LONG BEACH, Calif. – Long Beach State and Hawaii came together in a moment much bigger than basketball prior to tip-off, as both teams stood together wearing pink and holding up signs for Play4Kay to bring awareness to breast cancer. The two teams encouraged the 1,504 fans in the Walter Pyramid to do the same in a touching pregame moment, before the Beach dropped an 80-68 decision to Hawaii.

Long Beach State (11-15, 6-10 Big West) was led by five double-figure scorers in front of their largest home crowd since 2019. Meanwhile, Hawaii (16-9, 13-3 Big West) boasted a 29-point showing from Daejah Phillips.

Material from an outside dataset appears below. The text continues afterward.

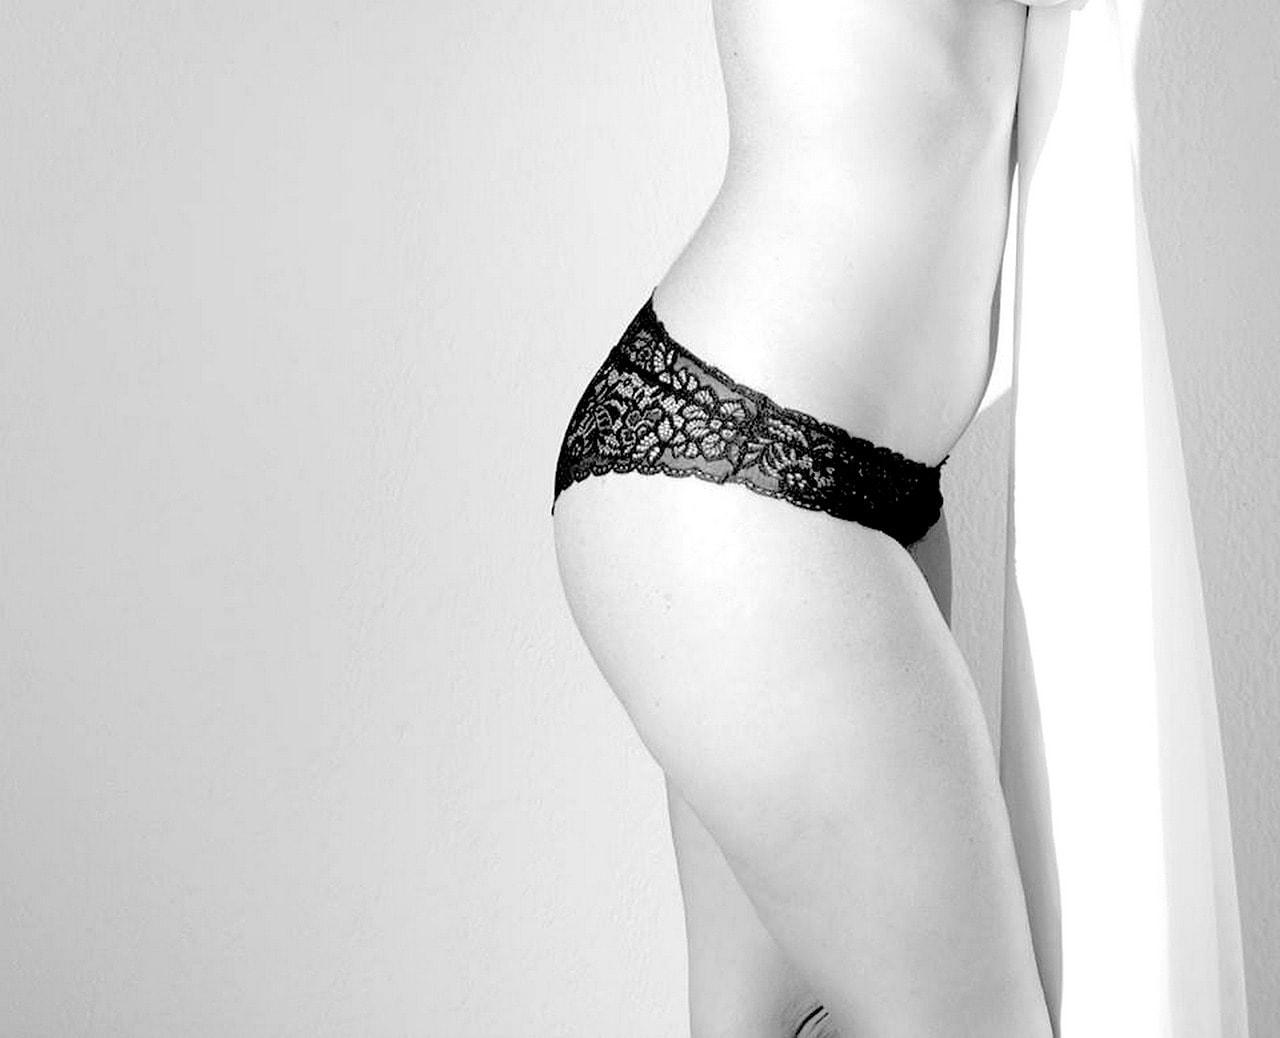 sensual-1198143_1280

Cheyenne Givens led the Beach with 14 points, while Savannah Tucker, Casey Valenti-Paea, and Sydney Woodley each added 12. Patricia Chung rounded out the group with 10 points. Woodley once again turned in a solid performance grabbing eight rebounds to go along with six steals, and one assist. Chung led the team with four assists on the night, while adding five boards, and one steal.

Hawaii took an early lead in the first quarter and never looked back. The Bows led throughout the game allowing the Beach to tie the score only once over 40 minutes of action.

The Beach fell behind 10-2 after an 8-0 Hawaii run in the first quarter. The Rainbow Wahine then scored seven-straight to open up a 17-5 advantage, before taking a 19-11 lead into the second quarter.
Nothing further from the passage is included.